Well, I don’t per­son­ally en­dorse this. I was spec­u­lat­ing on what might be rele­vant to Stu­art’s un­der­stand­ing of the prob­lem.

I was try­ing to point to­wards the di­chotomy be­tween “act­ing while hav­ing un­cer­tainty over a util­ity func­tion” vs. “act­ing with a known, cer­tain util­ity func­tion” (see e.g. The Off-Switch Game). I do know about the prob­lem of fully up­dated defer­ence and I don’t know what Stu­art thinks about it.

Also, for what it’s worth, in the case where there is an uniden­ti­fi­a­bil­ity prob­lem, as there is here, even in the limit, a Bayesian agent won’t con­verge to cer­tainty about a util­ity func­tion.

Agreed, but I’m not sure why that’s rele­vant. Why do you need cer­tainty about the util­ity func­tion, if you have cer­tainty about the policy?

• Okay maybe we don’t dis­agree on any­thing. I was try­ing to make differ­ent point with the uniden­ti­fi­a­bil­ity prob­lem, but it was tan­gen­tial to be­gin with, so never mind.

• A good start­ing point.
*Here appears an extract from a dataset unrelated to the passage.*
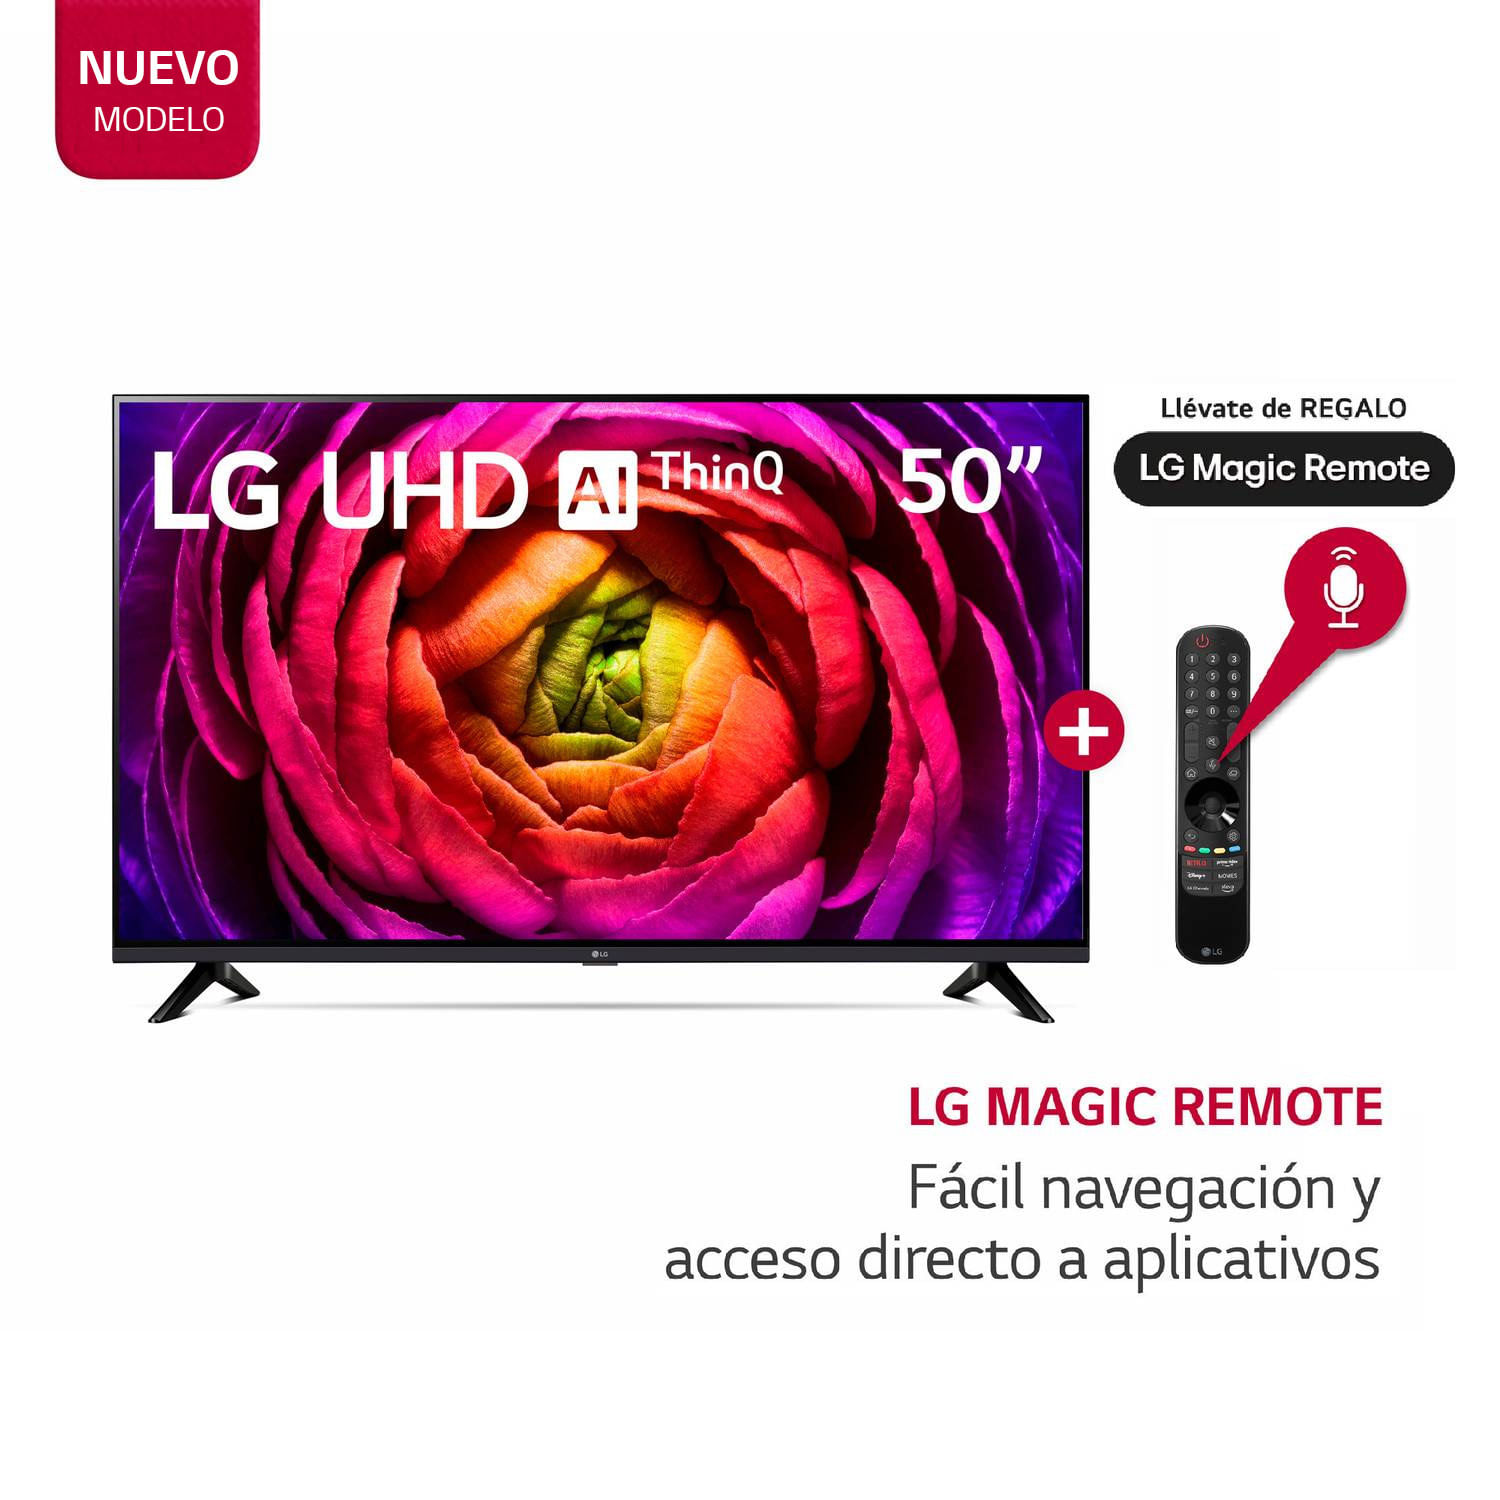 Televisor LG 50" LED Smart TV UHD 4K con ThinQ AI 50UR7300PSA + Magic Remote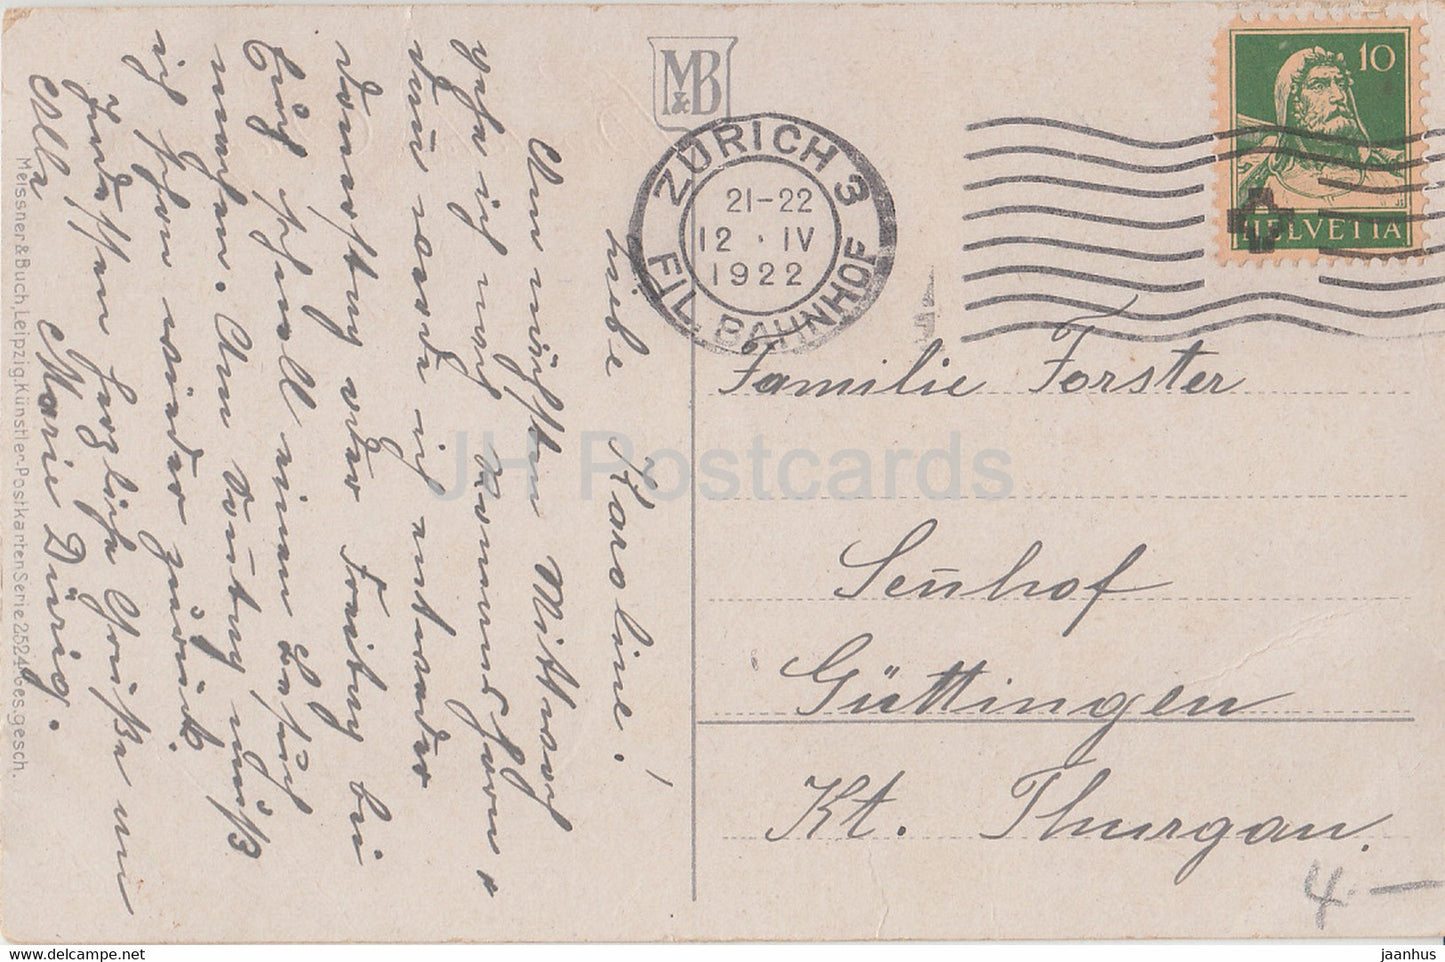 Ostergrußkarte - Herzlicher Ostergruss - Glocken - Blumen - MB 2524 - alte Postkarte - 1922 - Deutschland - gebraucht

I’m re­minded of an old Kaj So­tala post (which then later pro­vided in­spira­tion for me writ­ing a sort of similar post) about try­ing to en­sure that the AI has hu­man-like con­cepts. If the AI’s con­cepts are in­hu­man, then it will gen­er­al­ize in an in­hu­man way, so that some­thing like teach­ing a policy though demon­stra­tions might not work.

But of course hav­ing hu­man-like con­cepts is tricky and be­yond the scope of vanilla IRL.